Ten years go by. Eddie finally returns, only to find Maureen is now a clean, sober, solid citizen, married to a new man, Joey, and a mother of three children, one of whom is Eddie's own daughter. Eddie's return complicates and endangers all of their lives.

==Production==
The film was co-produced by a French company, with funding from actor Gérard Depardieu, and René Cleitman for Hachette. Depardieu, a friend of the Cassavetes family, had already produced Nick Cassavetes' first film, Unhook the Stars. At Depardieu's request, John Travolta accepted to act in the film for $1 million, much lower than his usual salary.

==Reception==
===Critical response===
 Metacritic, which uses a weighted average, assigned the a score of 61 out of 100, based on 30 critics, indicating "generally favorable" reviews.
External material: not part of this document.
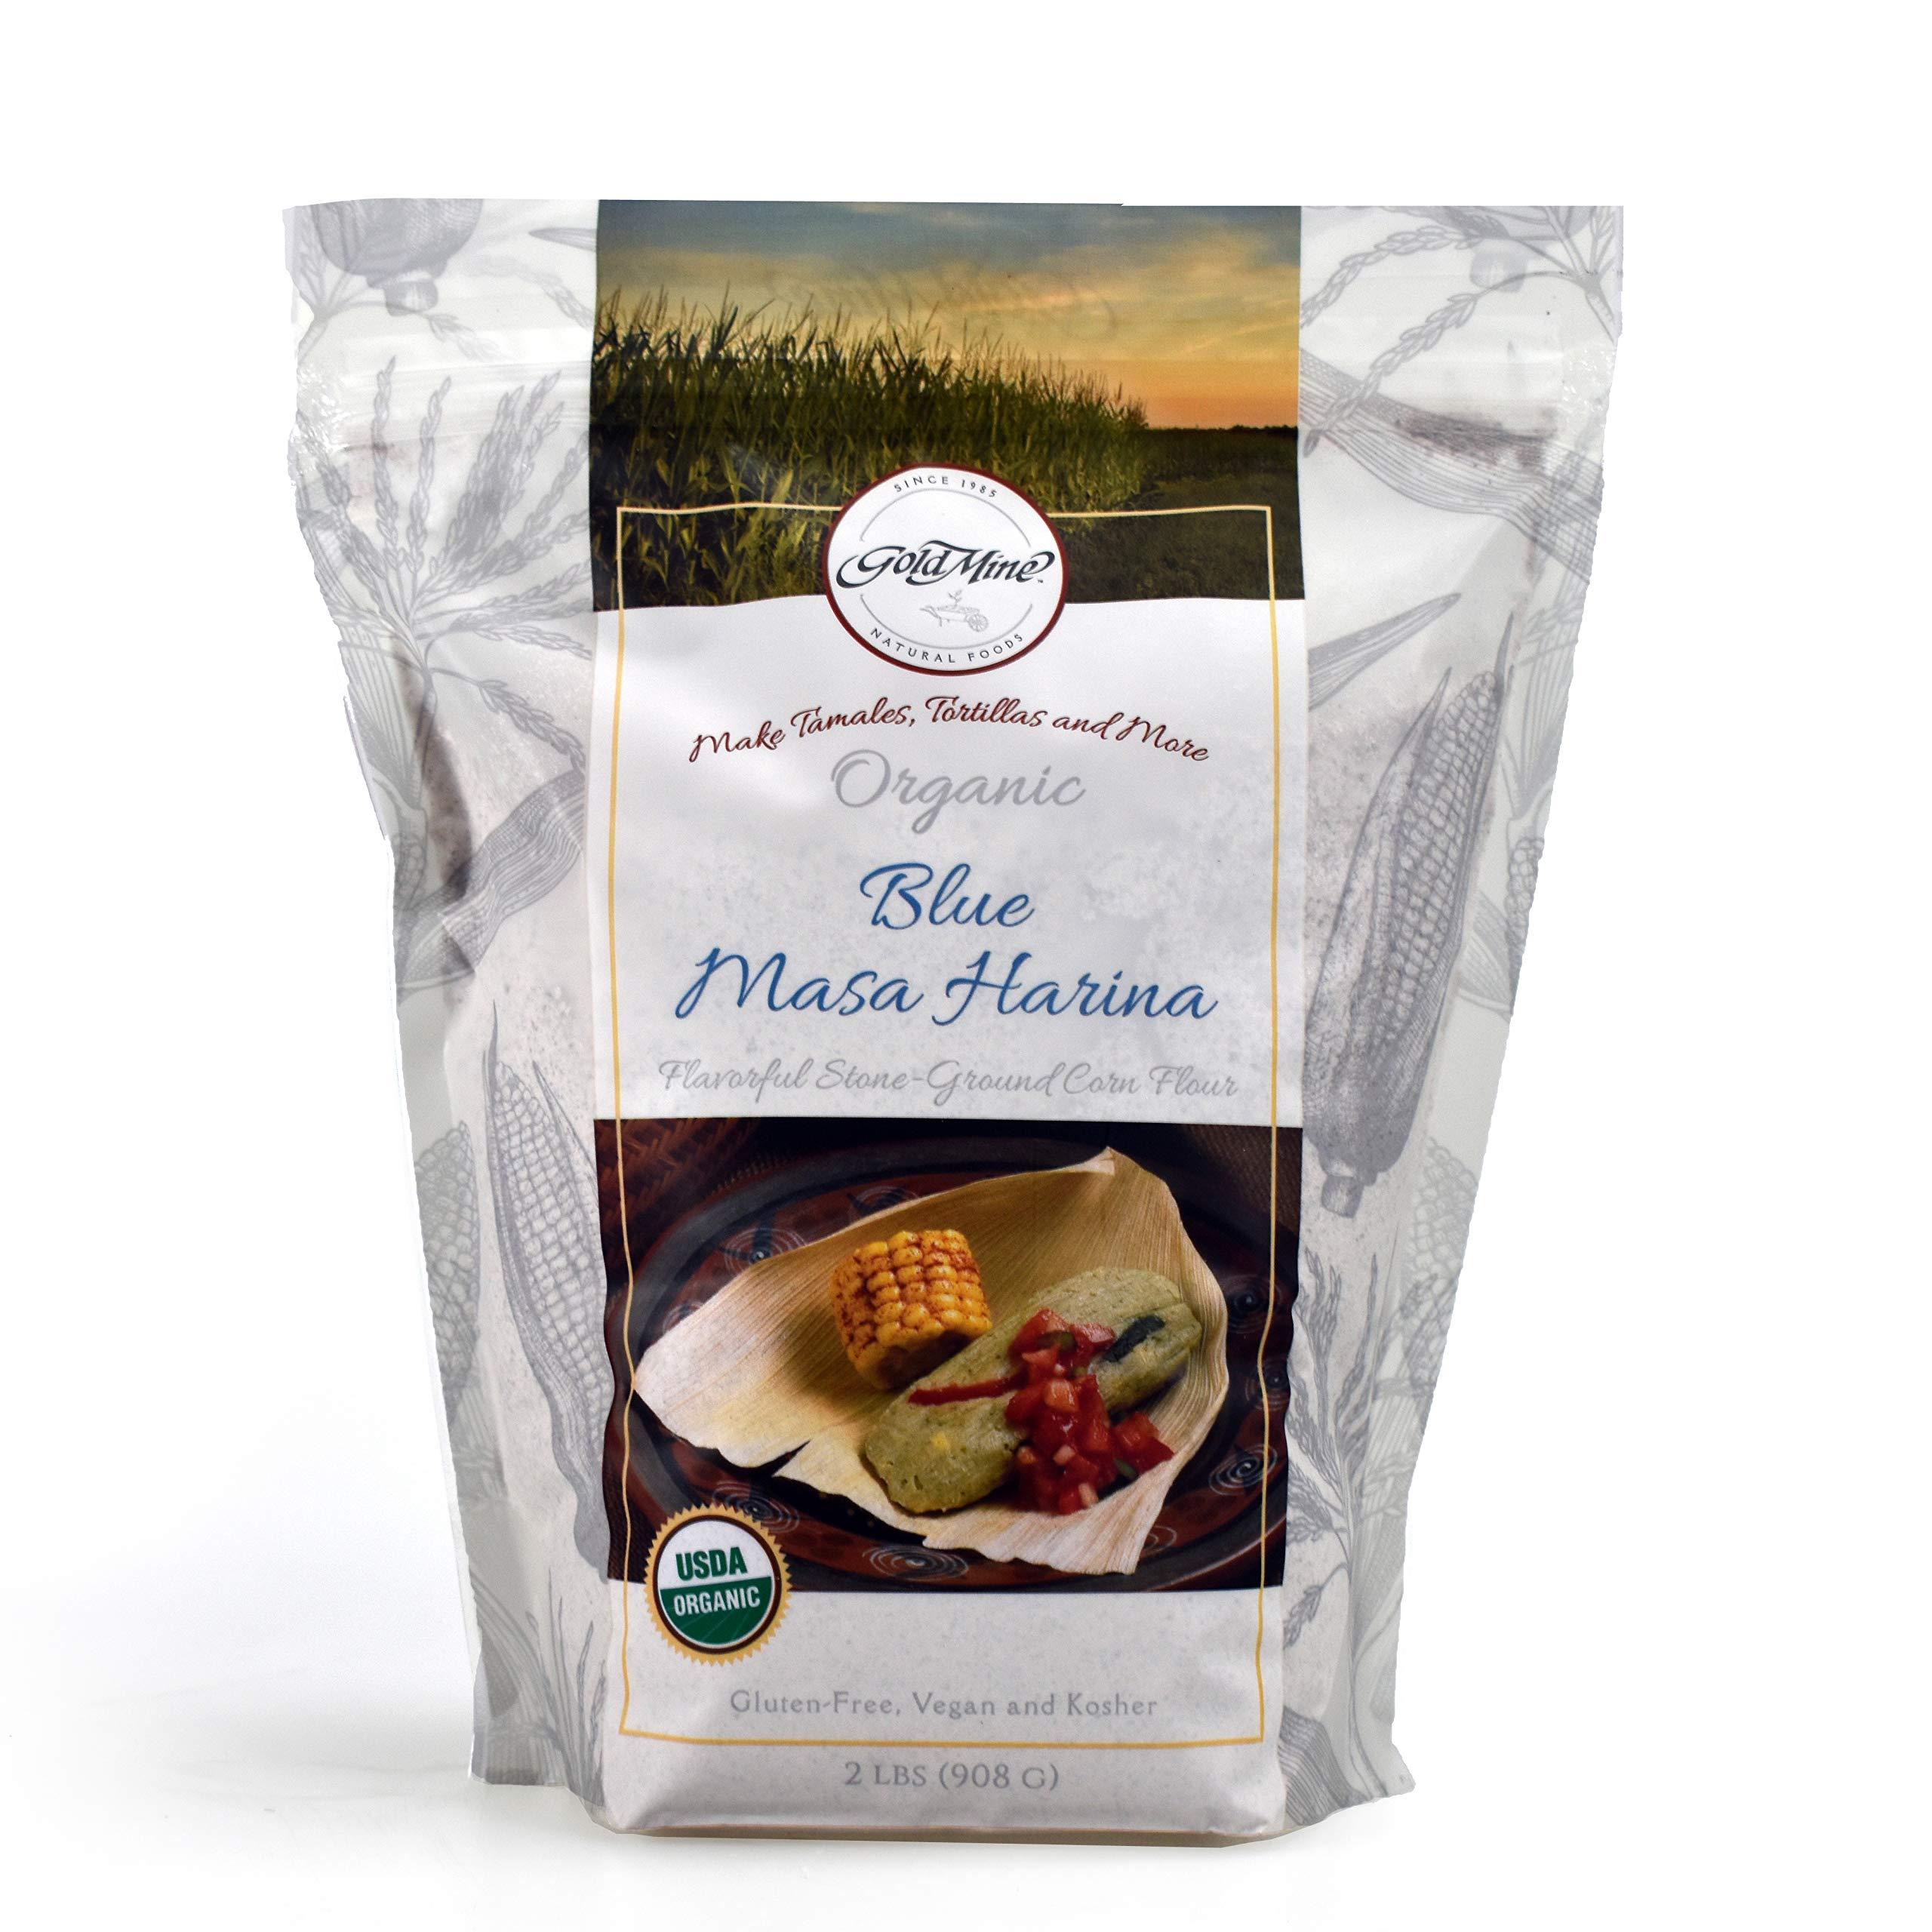 Gold Mine Blue Corn Masa Harina - USDA Organic - Macrobiotic, Vegan, Kosher and Gluten Free Flour for Healthy Mexican Dishes – 2 LBS

Audiences polled by CinemaScore gave the film an average grade of "D+" on an A+ to F scale.

Movie critic Roger Ebert rated the film 3 out of 4 stars, writing in the Chicago Sun-Times: "What [Nick Cassavetes] understands is that if you want to see true weirdness, you don't look along skid row, where the motives are pretty easy to understand, but out in suburbia, where those green lawns can surround human time bombs." Writing in Time Out New York, Andrew Johnston remarked, "Watching the films of John Cassavetes now, one is struck by how complex and human his characters are, compared with those in even the most sophisticated of today's independent films. This effect is even more pronounced in She's So Lovely, an unproduced Cassavetes script given the '90s treatment and filled with stars by the late director's son. The final product features some of the year's best performances...."

===Awards===
Sean Penn won the award for Best Actor at the 1997 Cannes Film Festival. Robin Wright received a nomination for Outstanding Performance by a Female Actor in a Leading Role at the 4th Screen Actors Guild Awards.